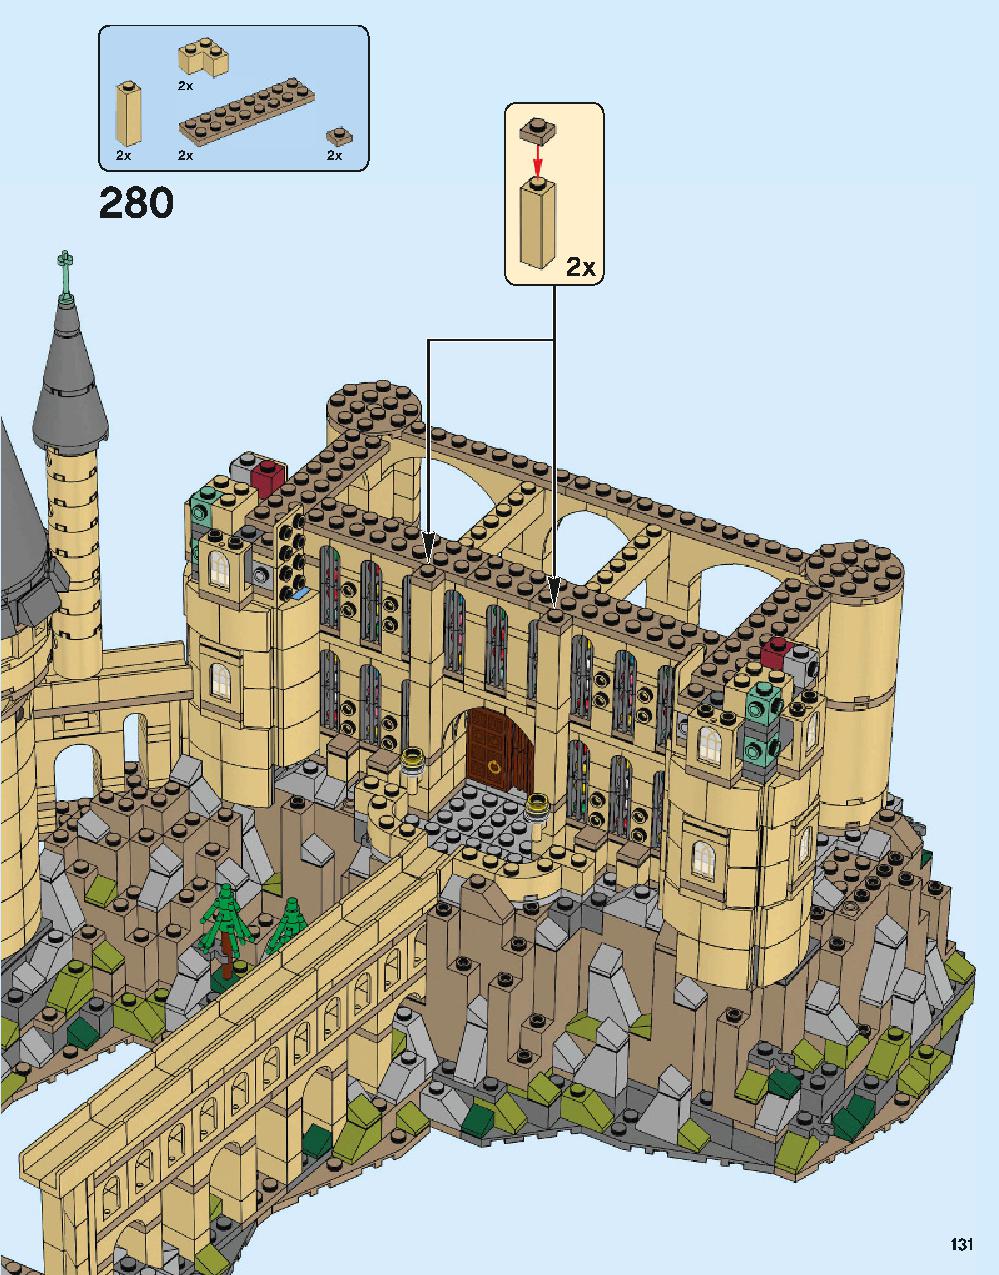 ホグワーツ城 71043 レゴの商品情報 レゴの説明書・組立方法 131 page
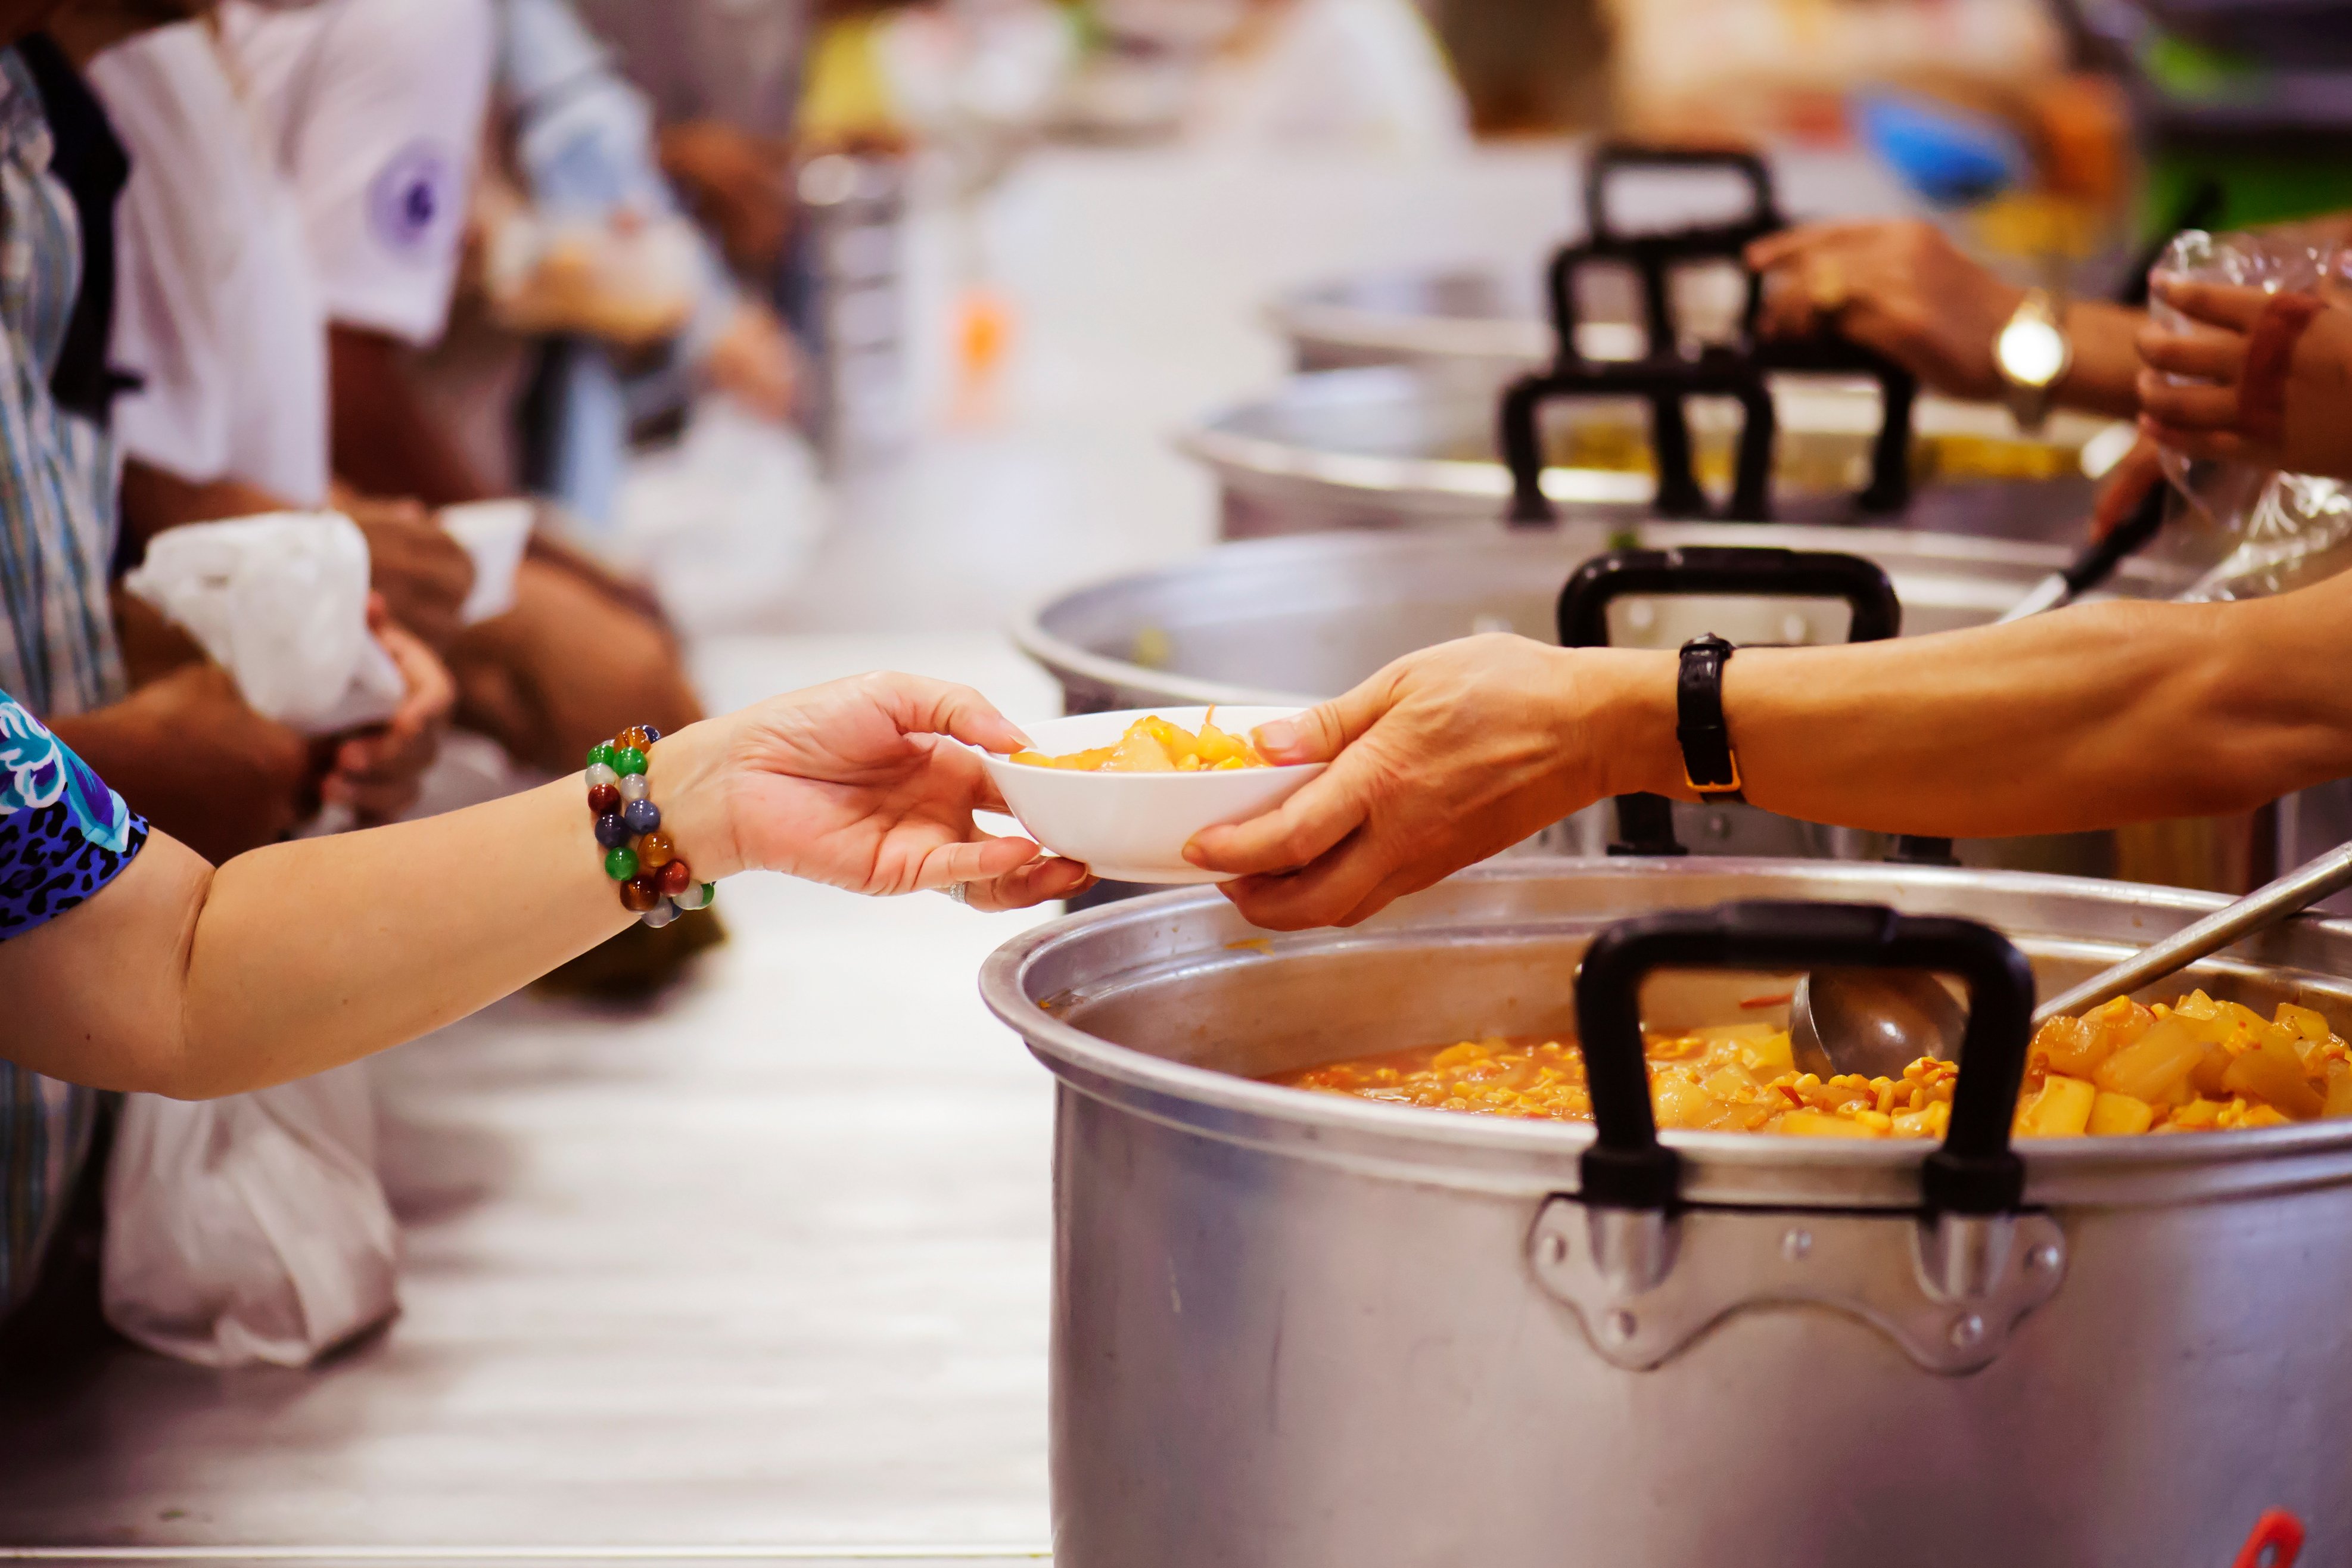 Voluntarios alimentando a los necesitados. | Foto: Shutterstock
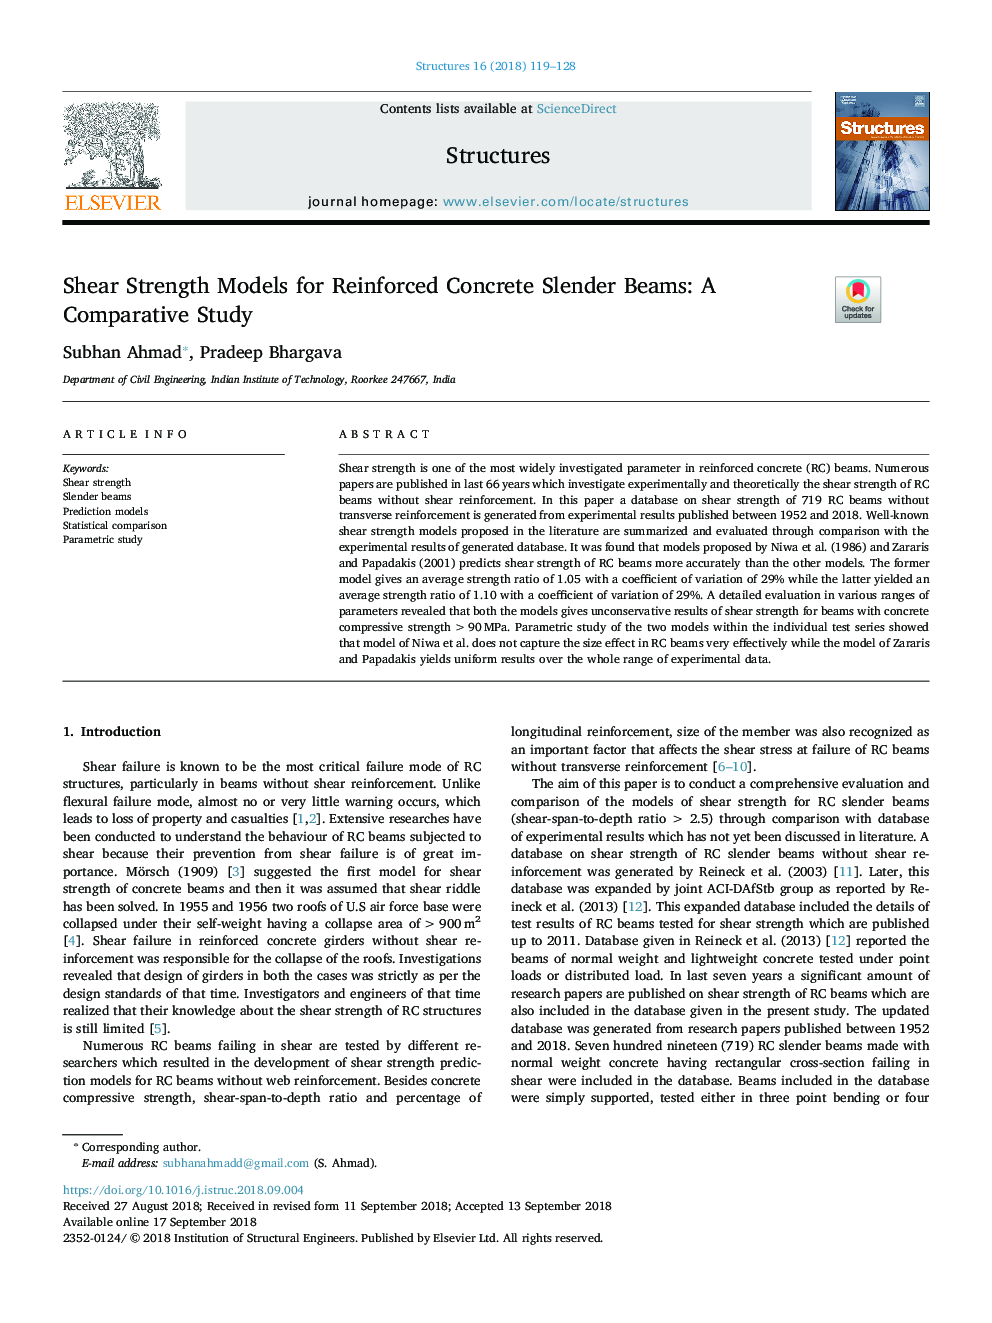 مدل های مقاومت برشی برای تیرهای بتنی تقویت شده: مطالعه مقایسه ای

How to complete this task. The pictures in the listing above are to be dropped, and everything else reproduced exactly.

Completed exercise.
 ホグワーツ城 71043 レゴの商品情報 レゴの説明書・組立方法 131 page
 Voluntarios alimentando a los necesitados. | Foto: Shutterstock
 مدل های مقاومت برشی برای تیرهای بتنی تقویت شده: مطالعه مقایسه ای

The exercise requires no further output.